These are busy times for U.S. diplomacy on Korea. As usual, the focus is on North Korea, but the trips are to the South. (I use the words diplomacy and focus loosely here, as will be seen.)

On Nov. 16 Donald Rumsfeld visited Seoul for the first time as defense secretary, as part of what AFP headlined as a “sensitive Asian mission.” (Does Rumsfeld do sensitive?) Besides the nuclear knot, he is tackling two other tricky issues. U.S. plans to pull back forces from their long-established tripwire position along the Demilitarized Zone (DMZ), and maybe cut their strength from the current 37,000, have rattled an ally grown increasingly ambivalent about its relations with the U.S., and uneasy at the Bush administration’s stance on the North.

More immediately, Rumsfeld will have a hard job pressing Asian allies to join the U.S. in its Iraqi quagmire. With Japan – also on his itinerary – declining to send any forces, the ROK’s vacillating president Roh Moo-hyun, faced with strong domestic opposition, may follow suit. At best, according to his spokesman, he will commit just 3,000 troops to join 700 medics and engineers already in Mosul, rather than the 10,000 which the U.S. had reportedly hoped for.
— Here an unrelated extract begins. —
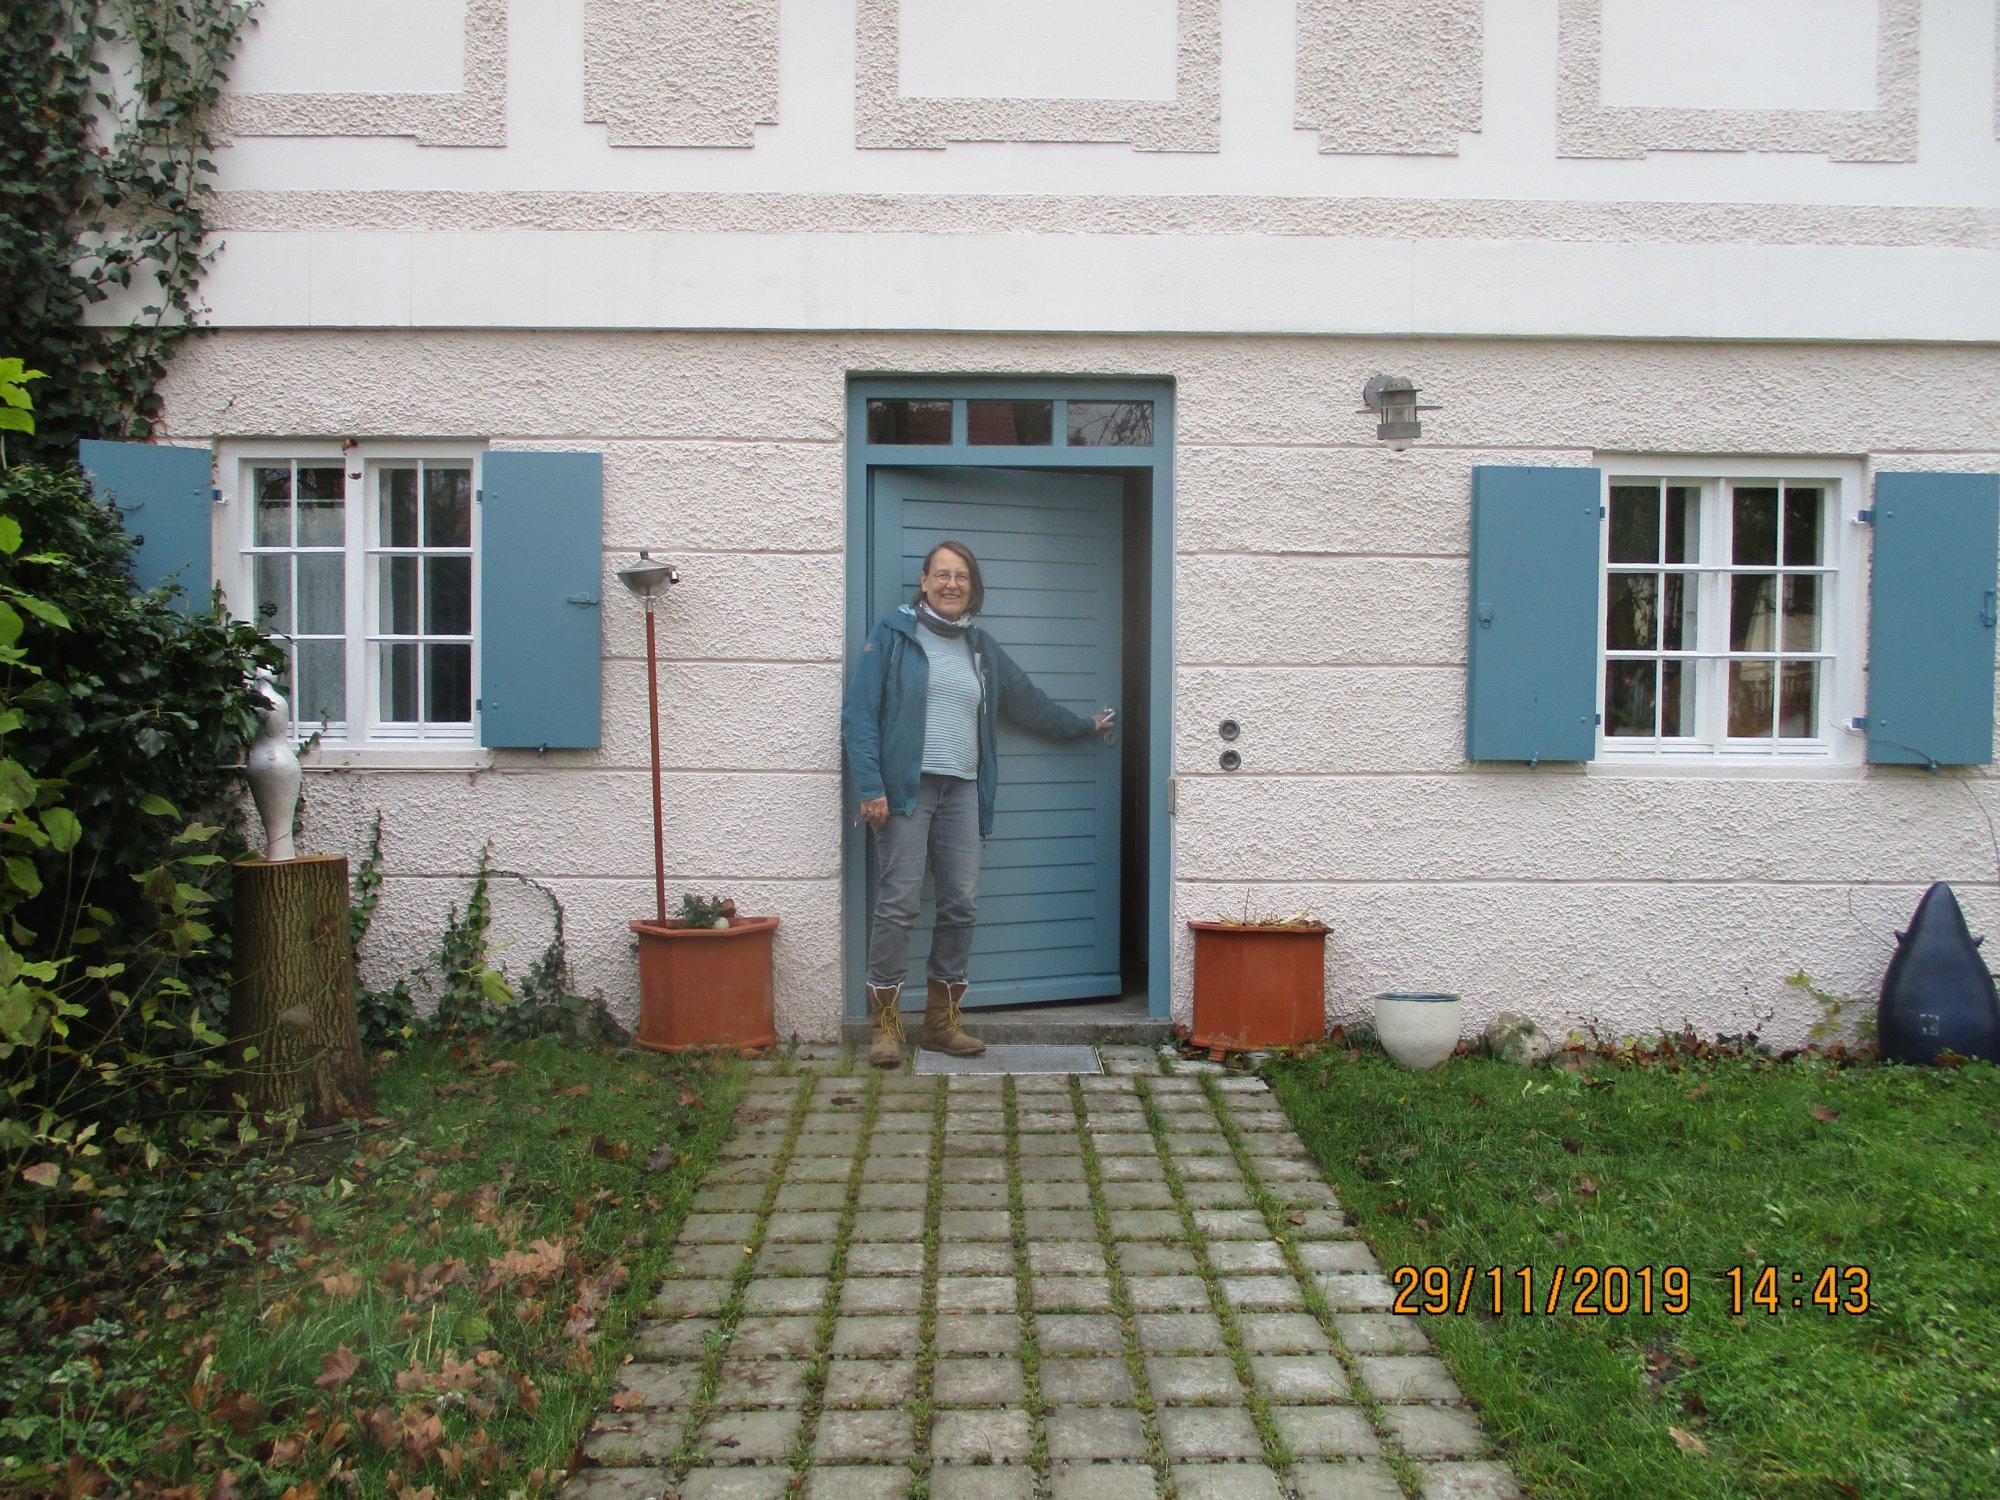 St.-Peter-Strasse 1 in Dachau

Following hot on Rumsfeld’s heels is James Kelly, who as assistant secretary of state for East Asian and Pacific affairs is the top U.S. policy-maker on the region. Kelly is due in Seoul on Nov. 19, after visits to Tokyo and Beijing. His focus is the six-party talks on the North Korean nuclear issue, of which a second round may be held in Beijing in mid-December.

President Bush himself, heading for the UK rather than Asia, seems a convert to a diplomatic solution: “Not every situation needs to be resolved through military action. And I would cite to you North Korea and Iran,” he told British newspapers. This new, softer note on the two remaining “axis of evil” regimes was first heard on his whistlestop tour of six Asian nations – not including South Korea – last month. But not consistently: en route to Australia, Bush said he had no respect for Kim Jong-il as a leader who “starves and shrinks his own people.”
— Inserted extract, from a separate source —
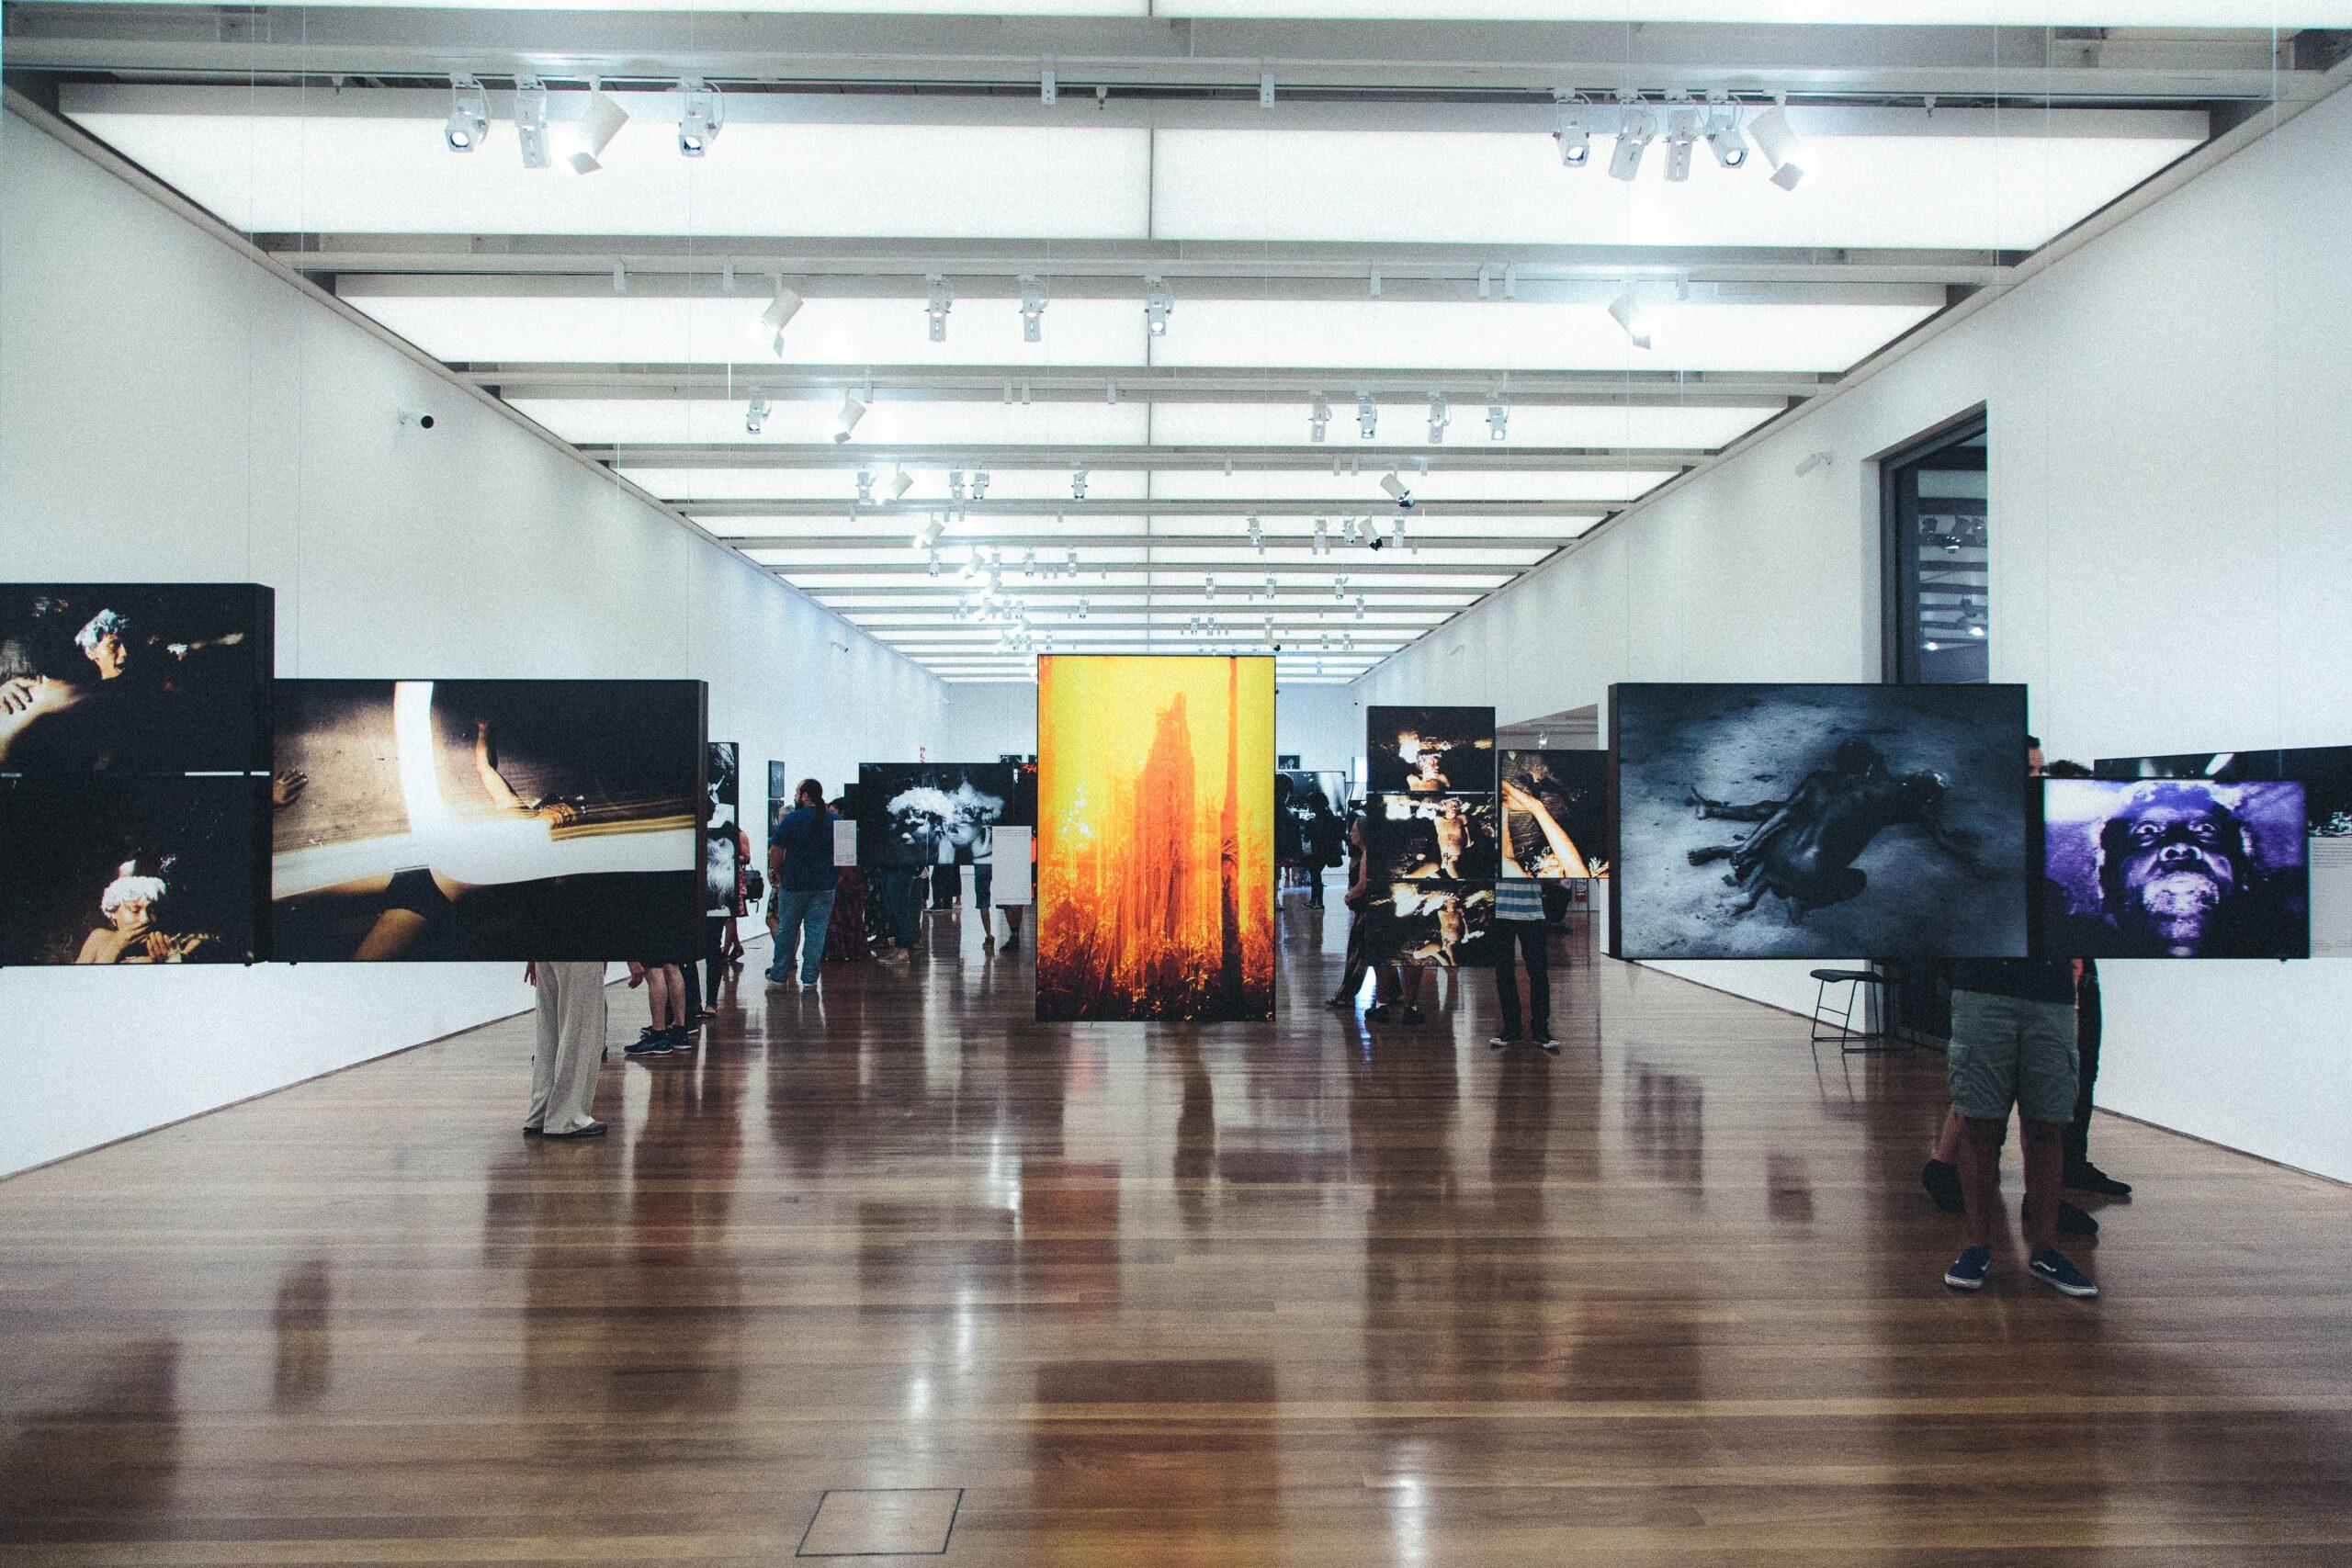 Exhibition-Gallery-Displays

At a sensitive and delicate time for diplomacy, trying to coax North Korea back to the table, one expects John Bolton to weigh in. Sure enough, another AFP headline on Nov. 13 read: “Bush administration hawk fires new volley at North Korea.” Although on this occasion the under-secretary for arms control and international security eschewed personal attacks on Kim Jong-il, he warned that “blackmail and bad behavior … will not be rewarded,” and that “North Korea will not be given inducements” to mend its violation of past commitments.

Actions speak louder still. This seems an odd moment not just to insist that no new incentives are on offer, but also to take away what North Korea had been given before. On Nov. 5 the executive board – the U.S., Japan, South Korea, and the European Union – of KEDO (the Korean Peninsula Energy Development Organization) suspended the consortium’s light water reactor (LWR) project at Kumho, in limbo anyway for the past year. Pyongyang, predictably, riposted with threats to seize KEDO’s assets at the Kumho site, and demanded compensation.
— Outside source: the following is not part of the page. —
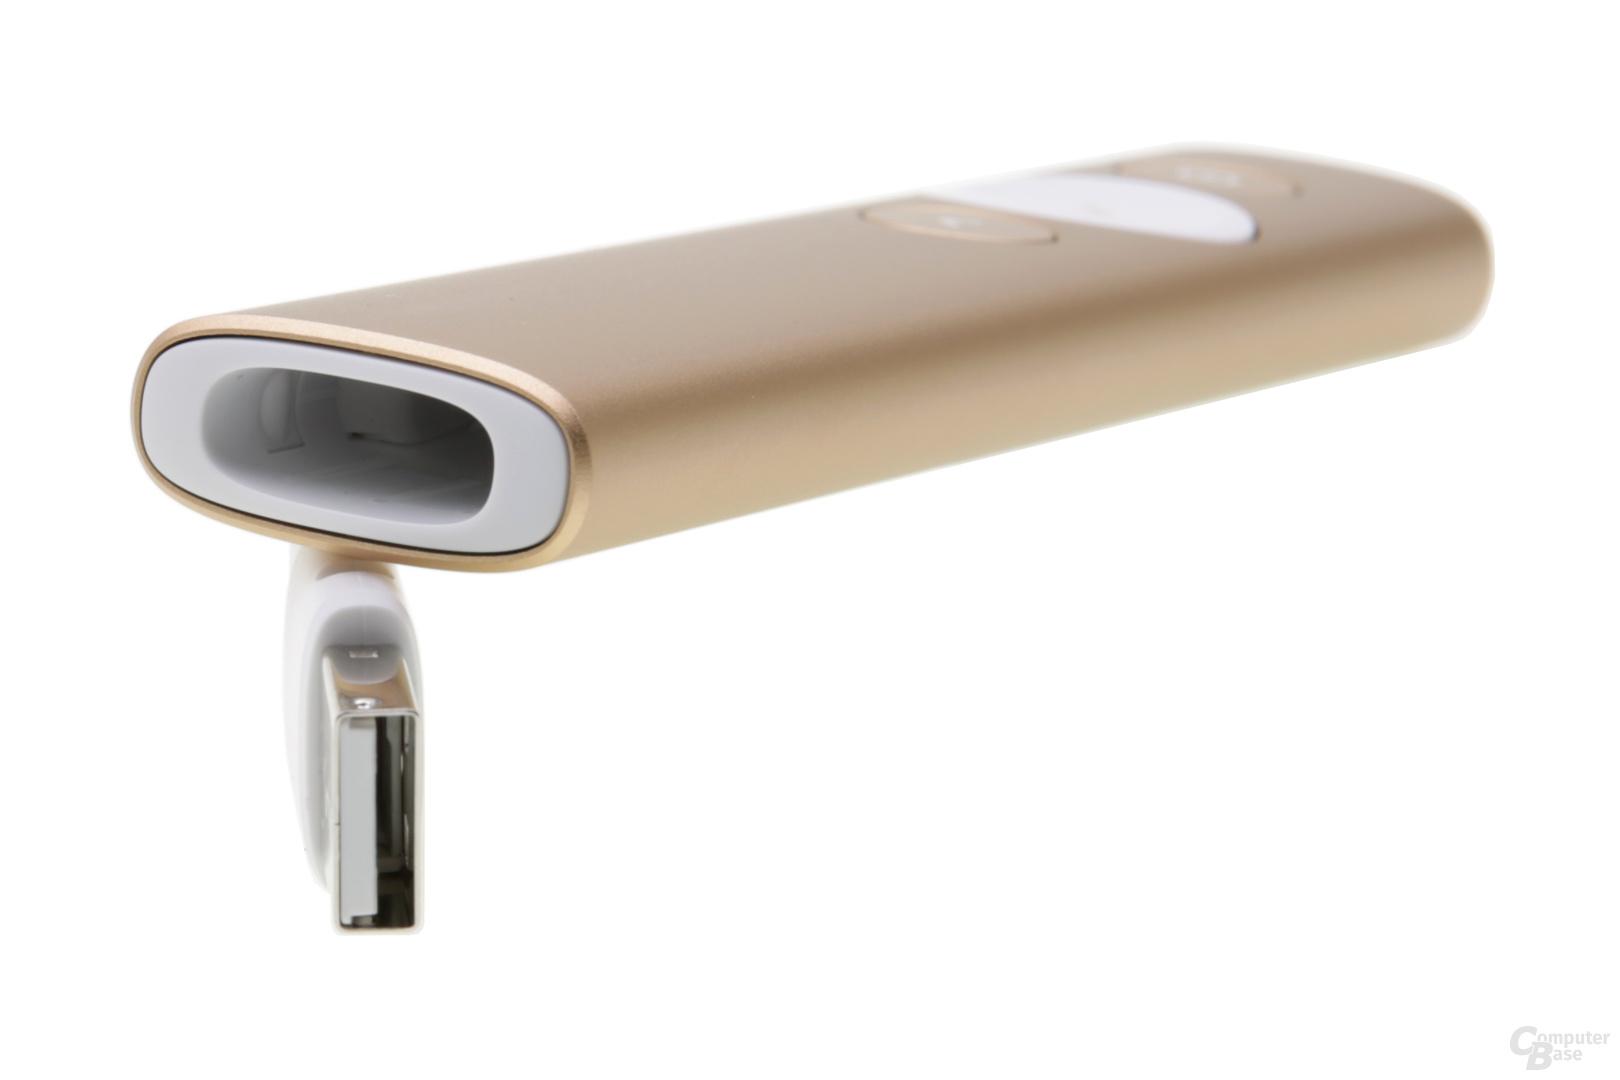 Der Bluetooth-Dongle findet Platz im Spotlight

Suspension is one thing, termination another. On Nov. 13 the U.S. ambassador in Seoul, Thomas C. Hubbard, said the U.S. has no plans to revive the LWR project – even if the DPRK comes into nuclear compliance. Much as Kim Jong-il violated at least the spirit of the 1994 Agreed Framework (AF) with his second secret nuclear program based on highly enriched uranium (HEU), this closure will hardly encourage him to trust future U.S. promises, if any.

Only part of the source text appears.